Genome Database for Rosaceae

The Genome Database for Rosaceae (GDR², Jung et al., 2013) was initiated in 2003 to provide curated and integrated, genomic, genetics and breeding (GGB) data alongside analysis tools to enable basic, translational and applied research. Rosaceae is an economically, nutritionally and biologically important plant family that includes the majority of tree fruits (apple, apricot, blackberry, cherry, peach, plum), nuts (almond), and ornamentals (pear, crab apple). While not specifically focused on forest trees, GDR is included here for its role in developing Tripal modules for breeding and the comparative genomics utility with forest hardwoods.
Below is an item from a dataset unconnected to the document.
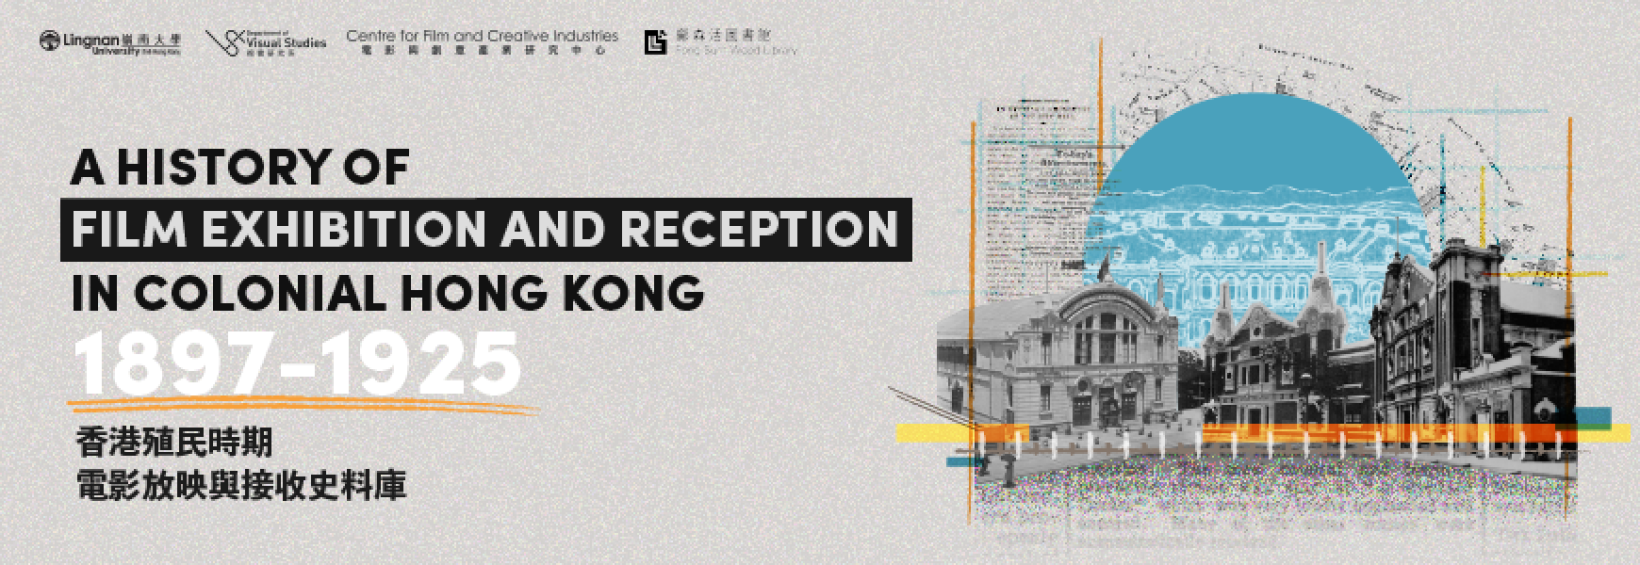 嶺大推出「香港殖民時期電影放映與接收史料庫」
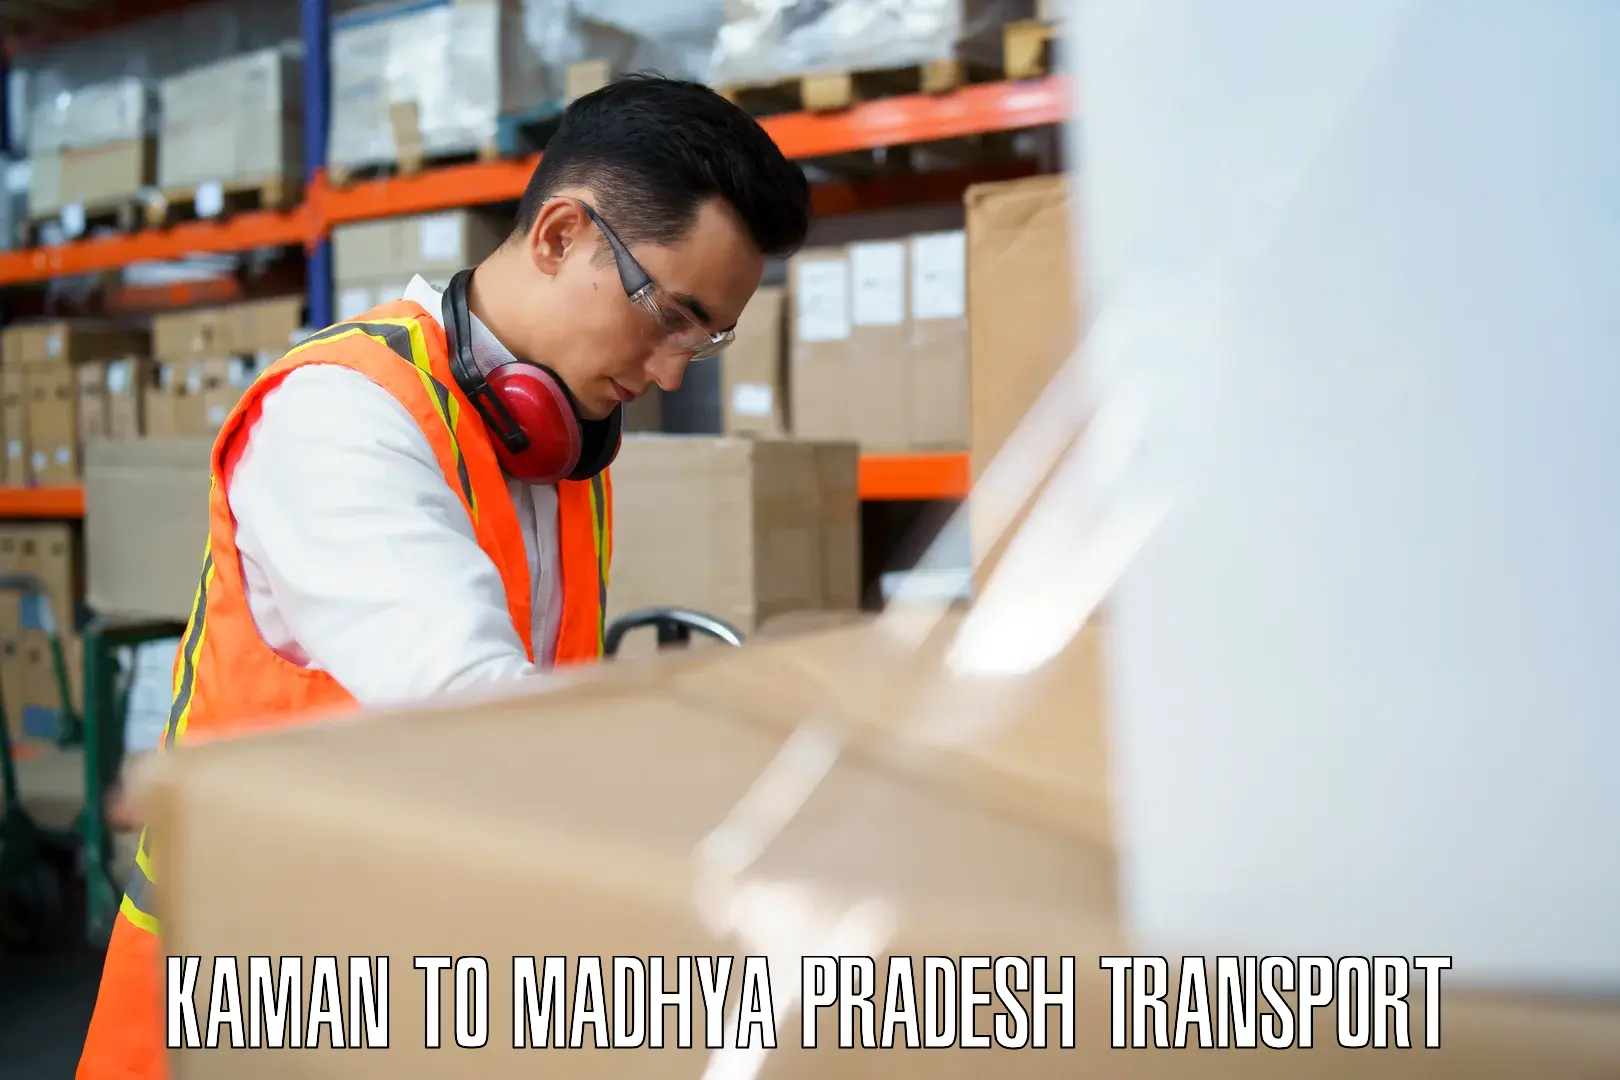 Truck transport companies in India Kaman to Madhya Pradesh

GDR contains 21 genome assemblies and annotations for 14 species. A total of 528,890 genes, reference transcriptomes for all major species, 14,411 germplasm records, 313 genetic maps, 3.3 M molecular markers, 402,559 phenotype measurements, 3,902 QTL/MTL for 392 agronomic traits, 10.8 M genotypes, and 7,449 publications are housed in the database. GDR provides access to breeding management and analysis tools, pathway analysis through PlantCyc and Pathway Inspector, flexible front-end querying, genome annotations through JBrowse, and sequence similarity search functionality (Jung et al., 2016, 2017). GDR is participating in the development of new Tripal modules; visualization and analysis of genetic maps is available through the new Tripal Map Viewer module while whole genome alignments can be executed through the Tripal Synteny Viewer (Jung et al., 2018). GDR is currently expanding the analytic capabilities of their Breeding Information Management System (BIMS) and developing reference genome integration for the Tripal Map Viewer module.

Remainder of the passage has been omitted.